DC: “I’m the goth character on Degrassi.”

If you’re a woman, many things you do will not be noticed.

MP: ‘I’m gonna put it on my Tumblr, and all my friends are gonna be like, “Oh god, how could you, we love you so much!”’ And then they’re like, “I’ll stop!” And it’s so, so not like that. I also wanted to depict an adult doing it, because I think there’s a misconception that it is a pre-teen/teen girl sort of a thing, and you get better and it goes away. I hate the feeling of it being seen as “acting out.” This is going to sound really dorky, but it’s more like “acting in.” And that’s the other thing I’ve talked to a few people about it, and one reviewer wrote to me, and she said she had self-harmed, and she said, “I didn’t feel triggered by it, I felt understood.” I think for people who have done it, it’s somewhat comforting to be able to talk about it and not feel nuts.

DC: I certainly felt that way, too. The way that Iseult talks about self-harm is…relatable. You can see how she’s feeling trapped, and has so few options for coping mechanisms. There’s another line where she says, “When the blood had rushed out with the removal of the scissors [from her skin], all of her usual anxiety had whooshed out of her with it.” And I was like, yeah, that’s what I remember. Again, I’m also certainly not advocating for self-harm, but in the work, as you said this other reviewer wrote, it didn’t feel triggering to me, but it felt well-understood.

MP: Thank you.

DC: So shifting to Iseult’s triggers: Iseult has a lot of conversations with the ghost of her mother, Beatrice, throughout the book. To me, Beatrice’s voice really teetered between sounding like a disparaging inner voice that could be in anyone’s head, regardless of the time period or situation, but then it’s coupled with very specific information that implies it truly is a ghost. Did you always know you wanted this balance of the reader wondering if this is in Iseult’s head, or if this is a real ghost, or did it shift at all during your writing?

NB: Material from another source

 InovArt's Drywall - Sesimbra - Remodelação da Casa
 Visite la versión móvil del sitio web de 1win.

MP: I think I wanted the reader to doubt whether she was mad or not. I knew some of the key things I wanted to be in the book, and I knew how the book was going to end. I didn’t really have an idea of what was going to happen in the middle, I sort of just wrote through until I got to the end. And I don’t think I’ve decided what the truth was. I want it to be like, “What the fuck!” at the end, and for people to be unsure. I want it to be like, even if it is made up, even if [Iseult] is mad, she’s still sane. You can have the duality of both of those things in you. I don’t think a person is all mad or all sane. And I don’t know, I wouldn’t say I believe in ghosts, but I wouldn’t say I don’t believe in ghosts. You know?

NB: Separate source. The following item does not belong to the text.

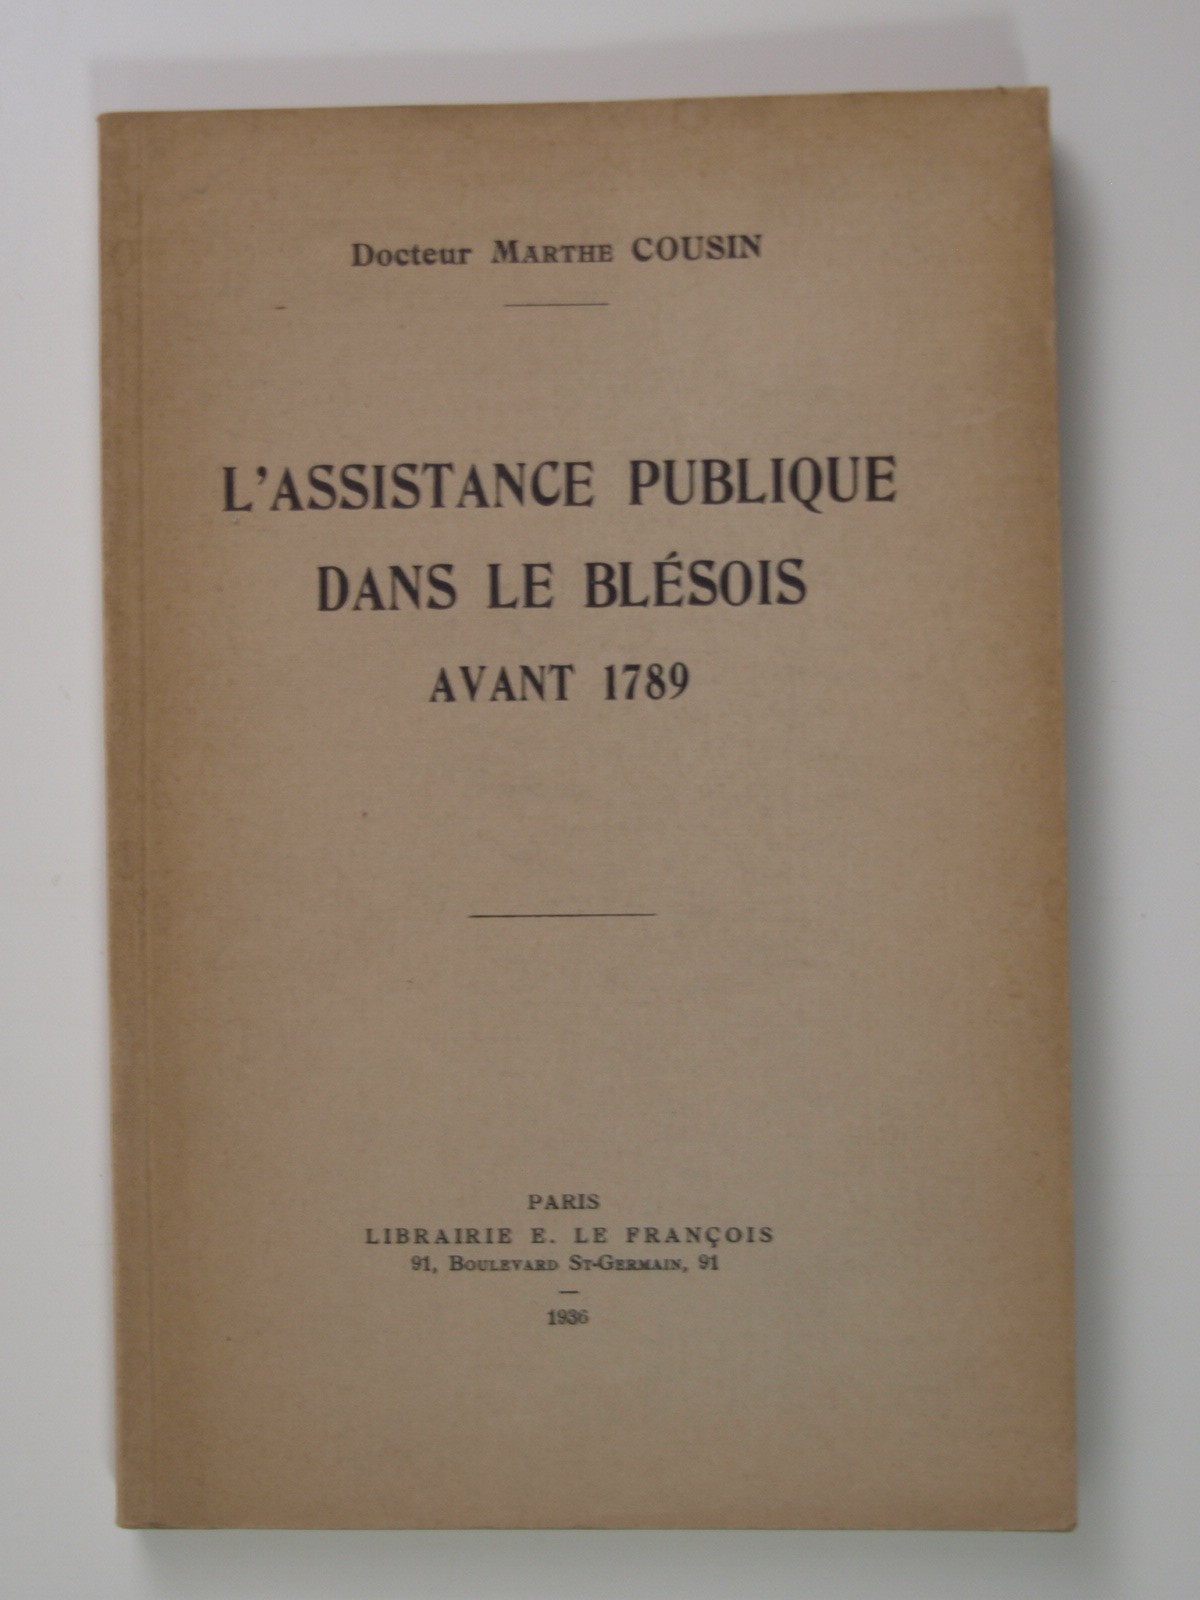 Cousin Marthe (docteur) : L' Assistance publique dans le Blésois avant 1789

DC: I mean, I love an explicit ghost story, and I love a non-explicit ghost story.

MP: I remember the first time I read The Turn of the Screw. I was just like, “This is the most wonderful thing ever written, and I don’t even know what’s happening.”

DC: The atmosphere of The Unsuitable is so well-realized, with the descriptions of the cloying clothes, and the suitors, and the way breaches of decorum threaten not only Iseult’s social standing but also her family’s love. Were there any particular works of 19th century fiction or gothic fiction that you read for atmospheric inspiration?

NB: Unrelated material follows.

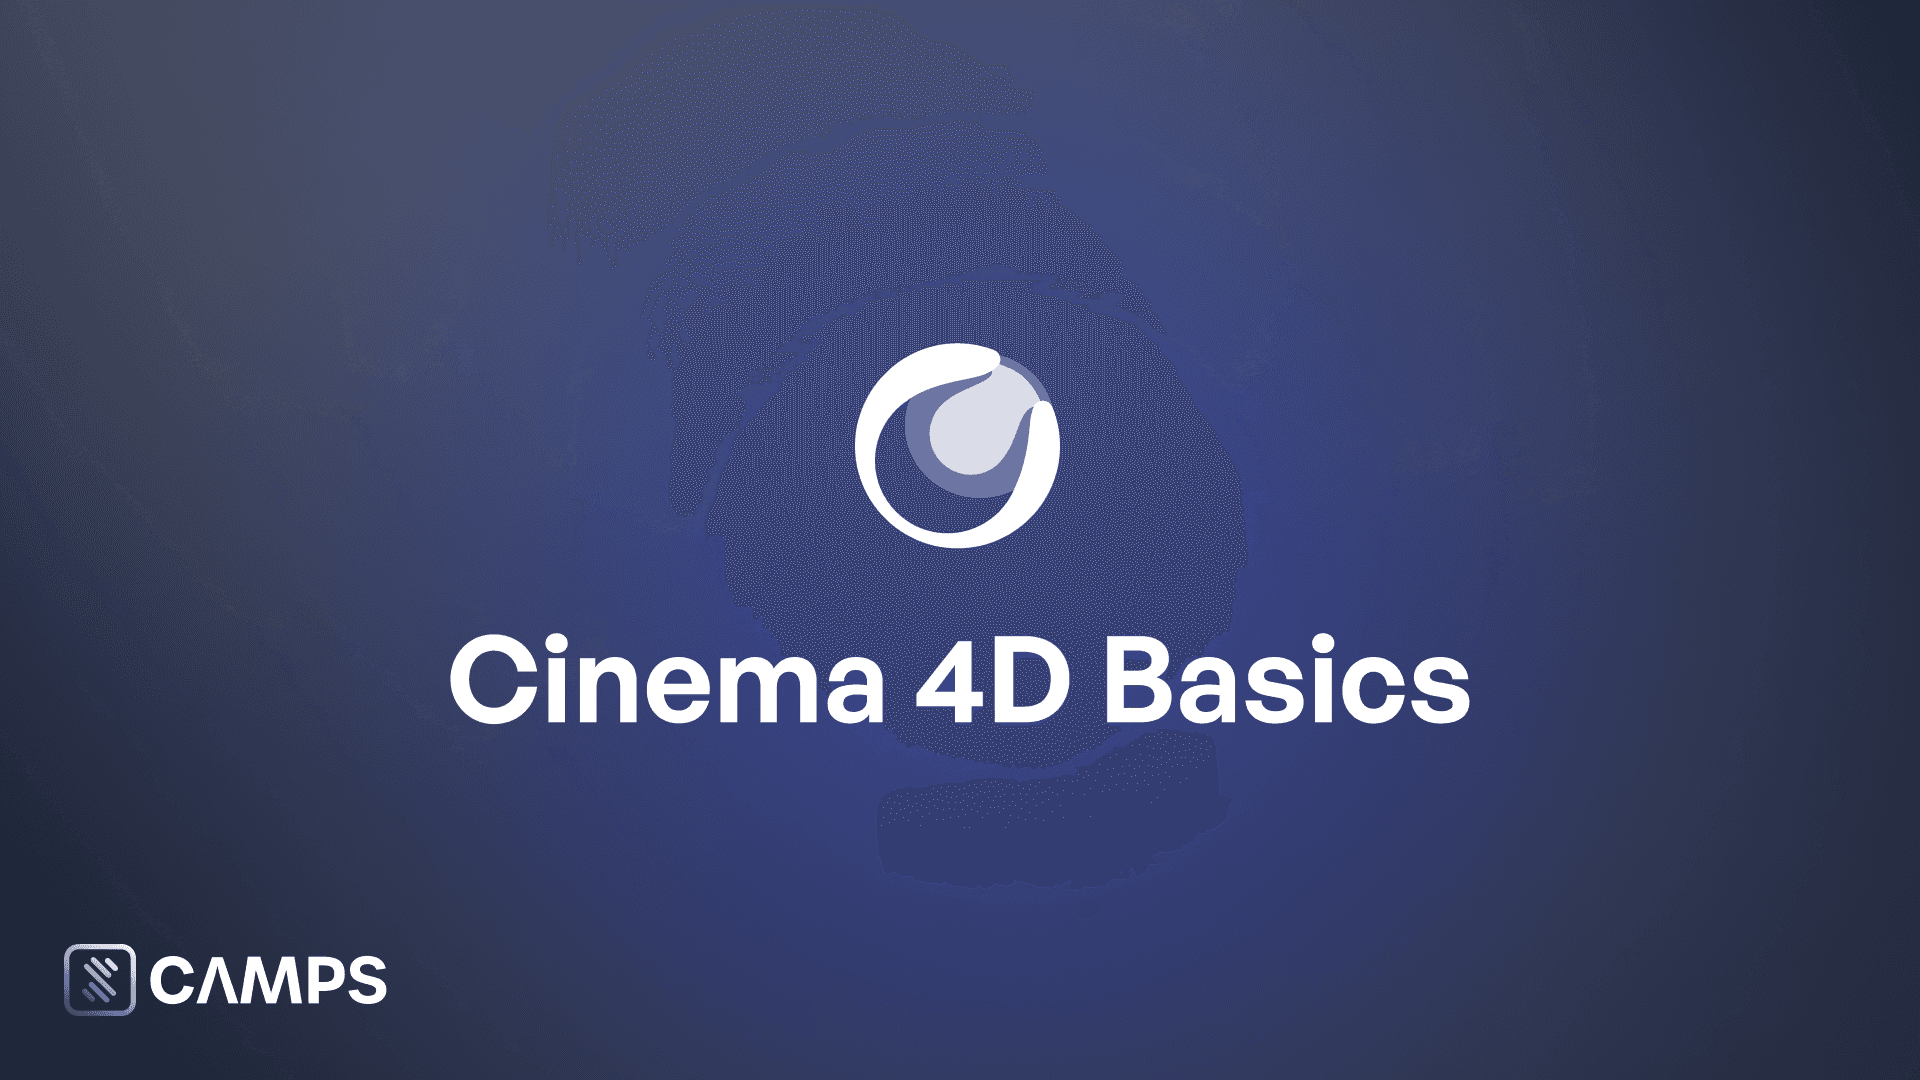 Cinema 4D Basics

MP: I didn’t go back and read too much, but I’d read a lot in the past. If I read something while I’m writing, I can get a little too close to it, so I generally read things a little farther away. But definitely The Turn of the Screw, Wuthering Heights. I have to say, I’m a real Wuthering Heights girl. What else? I really like Thérèse Raquin by Zola.

DC: So dark. I love that book.

MP: When I was kid, my sister had me read the first paragraph in a bookstore and it’s like, “The only light that filtered down was dirty, evil light.” And I was just like, “This is amazing.” Have you ever seen the Korean movie Thirst?

DC: Yes! I love that movie.

MP: It’s the only way to make that book better.

DC: Add vampires.

MP: I know. It’s perfect.

DC: I think vampires should be added to more 19th-century fiction.

MP: Absolutely. But I feel like maybe Zola’s probably been a big influence on my writing. It’s something about the way he writes about miserable things, that it’s the unexpected details that are the most miserable. Have you read Germinale?

DC: I haven’t!

MP: So that one’s about French miners and it’s horrible, they’re grindingly poor, and there’s a cave-in, and they’re all starving to death and trapped with a dead body. But the most miserable part in the book is when they’re talking about coffee. At the beginning of the month, they get all of the food delivered, and the coffee’s great. But by the end of the month, they’re just running the grounds through again and again, so it’s just light brown water. I was just like, “Oh, that’s so much worse than the rest.” That’s the kind of detail that really, really gets me. The things you don’t necessarily think about.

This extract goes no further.